Just because we age does not mean we cease being useful in the hands of God. Age is not an excuse for not growing and serving. Read this carefully. THERE IS NO RETIREMENT IN THE KINGDOM OF GOD! We may retire from our vocations, but that only means we are freed to devote all our time to serving God in some way. There is no retirement from growing and building a strong faith. There is absolutely no retiring from prayerfully covering our families in prayer and passing the baton of our faith to the next generations. I know a man in his mid sixties who has been teaching children for over 40 years and loves it. He has no intention of stopping. 

When the preacher George Muller reached retirement age and started handing over more of the day to day operations at the church and orphanages he served, he spent the next years of his life making several world preaching tours. He used the latter years of his life to continue his life long habit of Bible reading. He read through it a hundred times while reading on his knees. Before that, he read it through 100 times. He read through the Bible over 200 times in 90 plus years on planet earth. What an inspiration. 

Leonard Ravenhill prayed eight hours a day in the last decades of his life, wrote ferociously, lead a Friday night prayer meeting and Bible study that lasted until the wee hours of the morning, as well as preached in revival conferences. In addition, he met and mentored young pastors. He did not cease until a stroke took his voice and mobility away just before he died at 87. 

Vance Havner preached well into his eighties and wrote dozens of books in the twilight years of his life. He wrote a powerful one about grief after his wife died titled, Though I Walk Through The Valley. He did not use old age as an excuse to not grow and serve God with a whole heart. One person commented about him, "He is the preacher who will not quit." He started preaching at 12 and never learned to drive. He remained faithful to the end. 
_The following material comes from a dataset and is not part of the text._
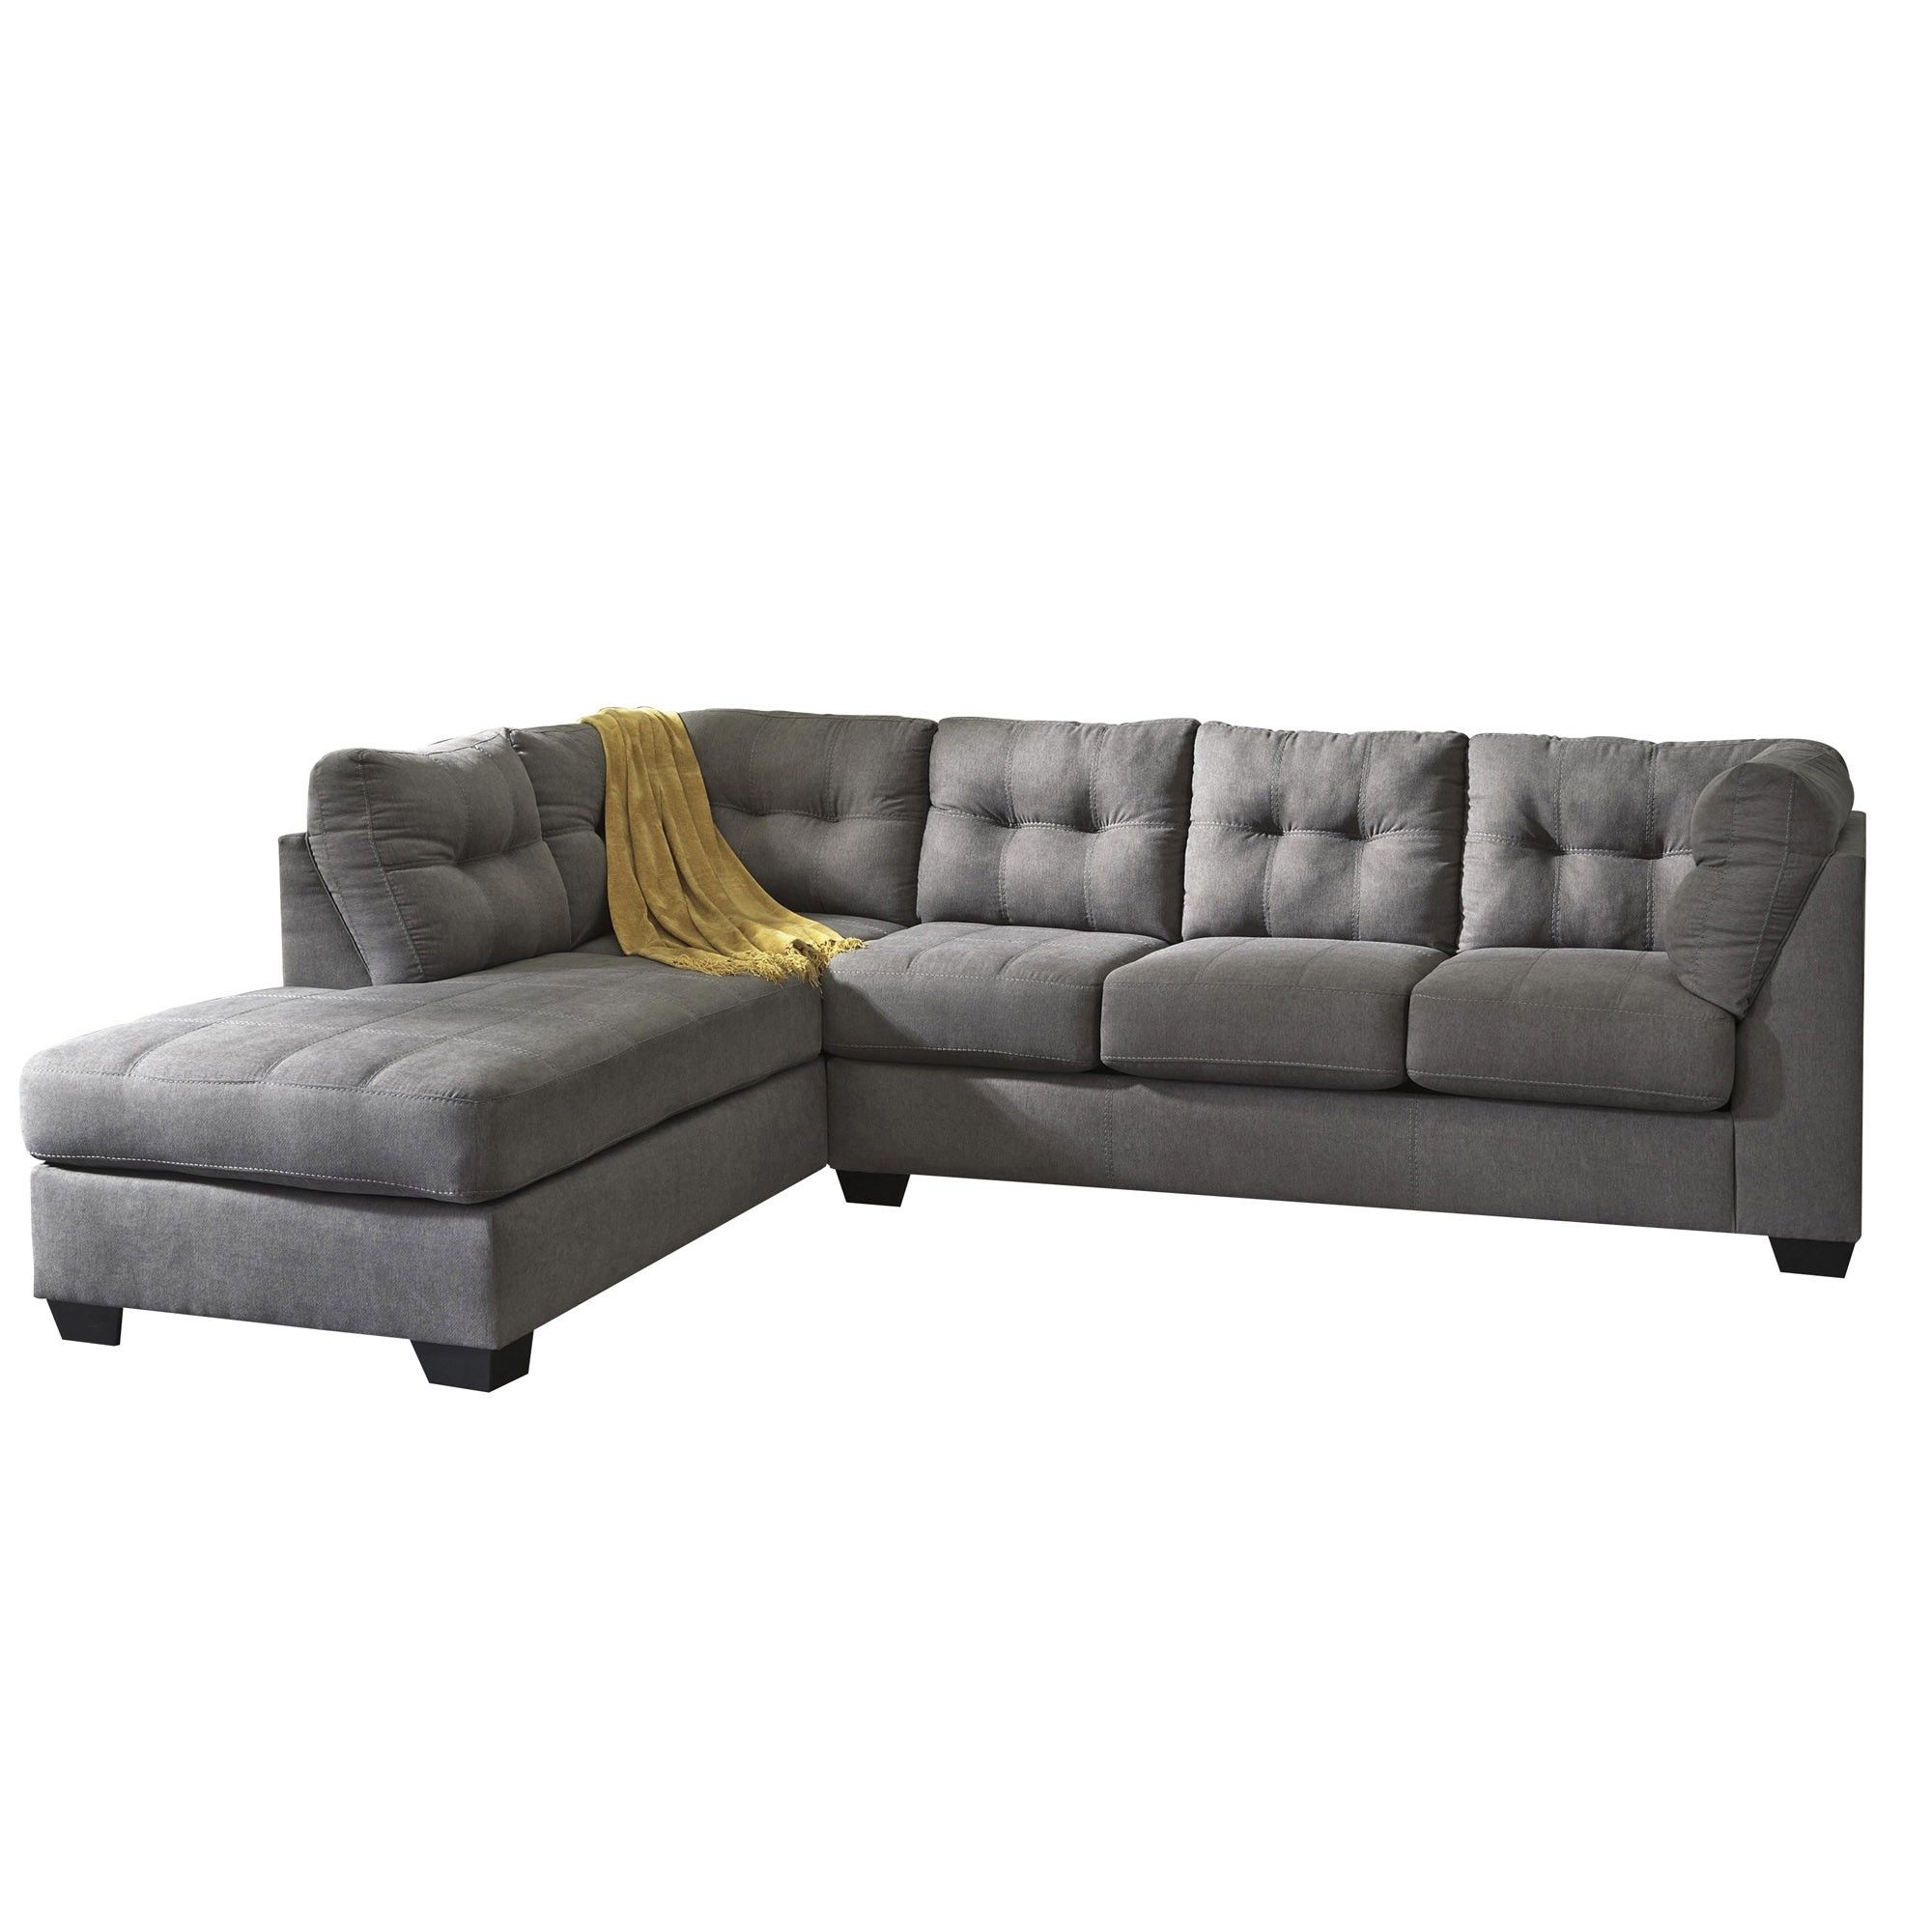 Maier 2 Piece Sectional | Tepperman's Throughout Teppermans Sectional Sofas (View 6 of 10)

Fanny Crosby wrote hymns. She lived to be 95 and used her time well. She is credited with writing over 8,000 songs. There are 100 million in print today. She did not stop there. She taught. She did mission work. And by the way, she was blind. She also wrote over 1,000 secular poems. She never quit growing and serving. 

Amy Carmichael lived to the ripe age of 84. She served as a missionary in India for 55 years without ever taking furlough. During that time she founded an orphanage and took in numerous orphans. She also wrote numerous books. She did much for the Lord even in her old age with failing health. 
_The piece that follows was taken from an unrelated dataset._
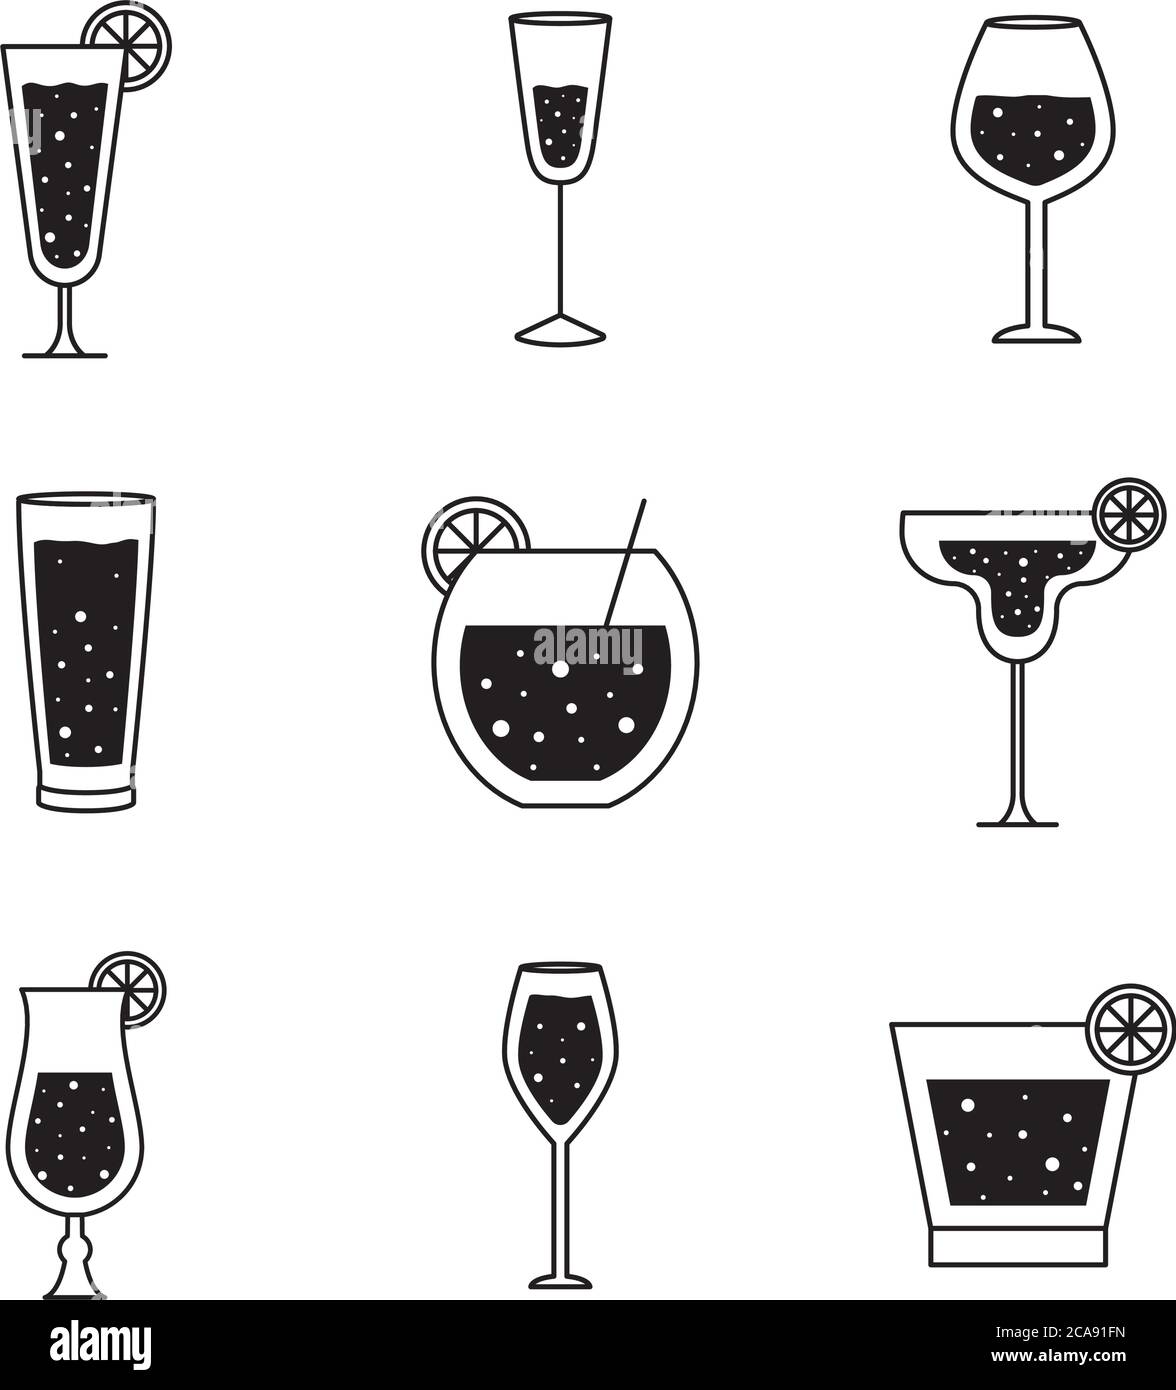 Cocktails glasses cups silhouette style icon set design, Alcohol drink bar and beverage theme Vector illustration Stock Vector

Lottie Moon lived to be 82. She lived and served in China for close to 40 years loving, serving and sharing Jesus with the Chinese people. Her letters sent back home promoting the mission work led to the starting of the Lottie Moon Christmas Offering taken up each Christmas season. Her legacy lives on. 

Bertha Smith also served as a missionary to China. At 70 she was forced to retire, but still worked 15 hours days. She had been on the field for 42 years. What did she do in retirement? She traveled the world and spoke in churches promoting Jesus and missions for another 29 years. She was 99 when she died. 

I could go on. There is no excuse. We all age. Our desire to know and serve God should never wane. Many churches and pastors have little regard for senior adults, other than the money they can get out of them to finance new fangled ministries or facilities expansion. I am not one of those. I treasure senior adults. I recognize they were once young, active, beautiful or handsome. They still have value. They are tough. They have weathered some of the hardest things life could throw at them. Some grew up in the Great Depression years. Many fought for this country on foreign soil. Some survived tragic days of a presidential assassination, the energy crisis, Pearl Harbor, World War II, Vietnam and The Persian Gulf War. They also watched people travel in space, two space shuttle disasters, the 911 Terror Attack and multiple violent school and church mass shootings. During all of that, they walked with God, learned of His faithfulness, and grew in their faith. Some survived the death of children and spouses. They still have value. They have much wisdom to share. They may be aging, like the rest of us and slowing down a little, but they are still useful! May we follow their example to the very end of our lives!